William Moore

Personal information
- Full name: William John Moore
- Date of birth: 2 August 1895
- Place of birth: Ballyclare, County Antrim, Ireland
- Date of death: 17 August 1932 (aged 37)
- Place of death: Ballyclare, Ireland
- Height: 5 ft 11 in (1.80 m)
- Position: Outside left

Senior career*
- Years: Team / Apps / (Gls)
- Brantwood
- 1914–1920: Glentoran
- 1920–1924: Falkirk / 117 / (5)
- 1924–1925: Lincoln City / 33 / (2)
- 1925–1926: Ards
- 1926–1929: Glentoran

International career
- 1923: Ireland / 1 / (0)

= William Moore (footballer) =

Irish footballer

William John Moore (2 August 1895 – 17 August 1932), sometimes known as Pal Moore, was an Ireland international footballer.

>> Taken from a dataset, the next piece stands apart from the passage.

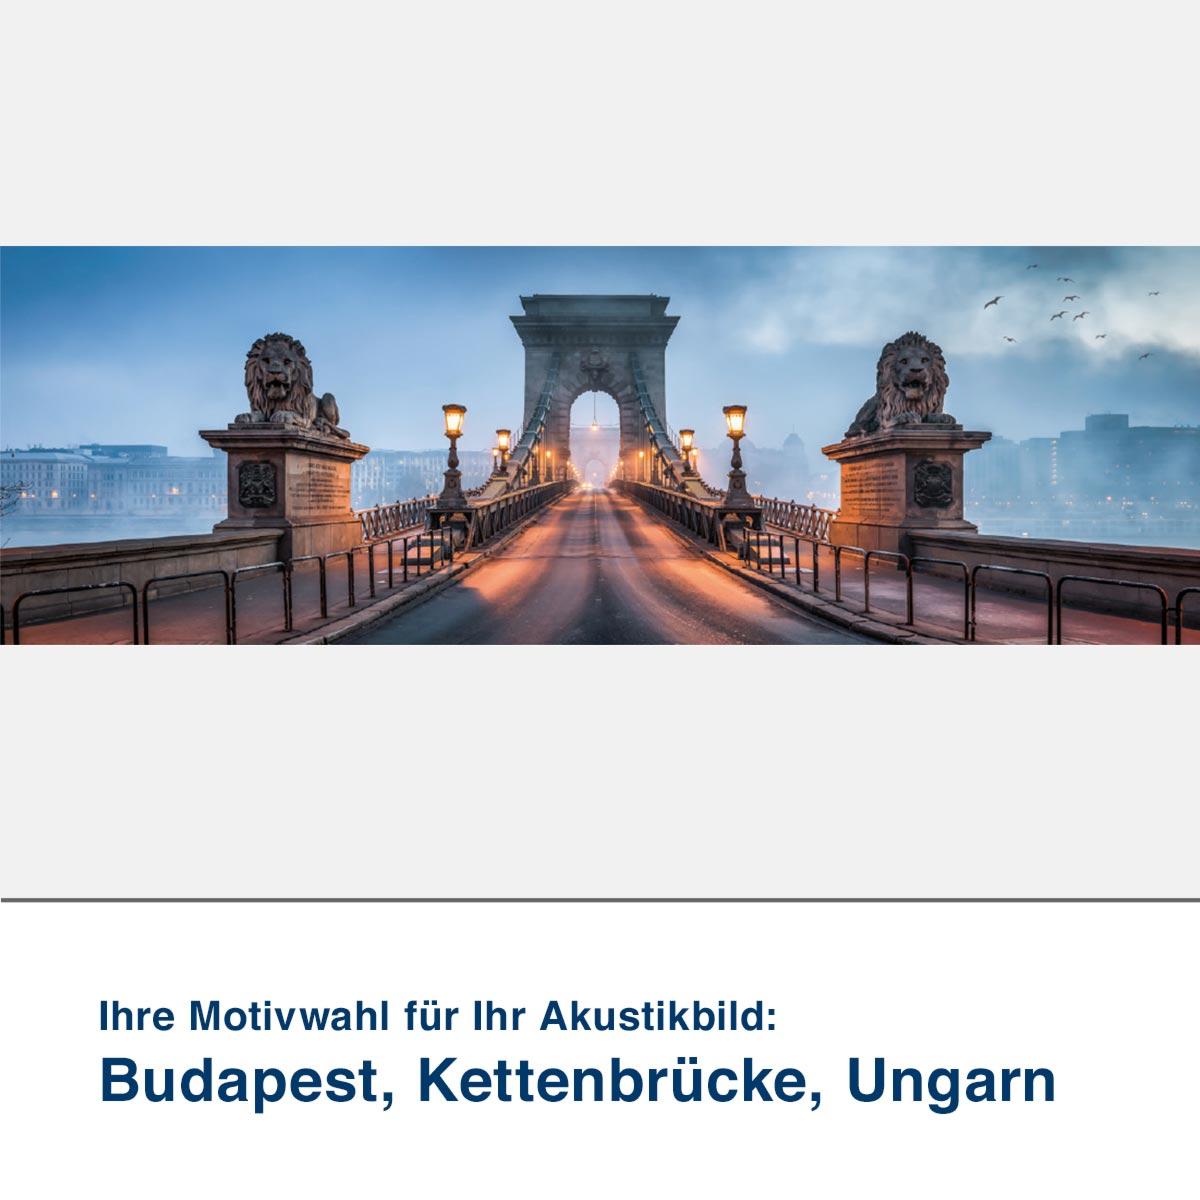 Akustikbild Motiv Budapest, Kettenbrücke, Ungarn

He spent several years with Glentoran (in two separate spells), and also appeared in the Irish League with Ards. Away from Ireland, he made 117 appearances for Falkirk in the Scottish League First Division and played 33 games in the English Football League for Lincoln City. He played as an outside left. He played for the Ireland national team against Scotland in 1923, and appeared in a Victory International, also against Scotland, in 1919.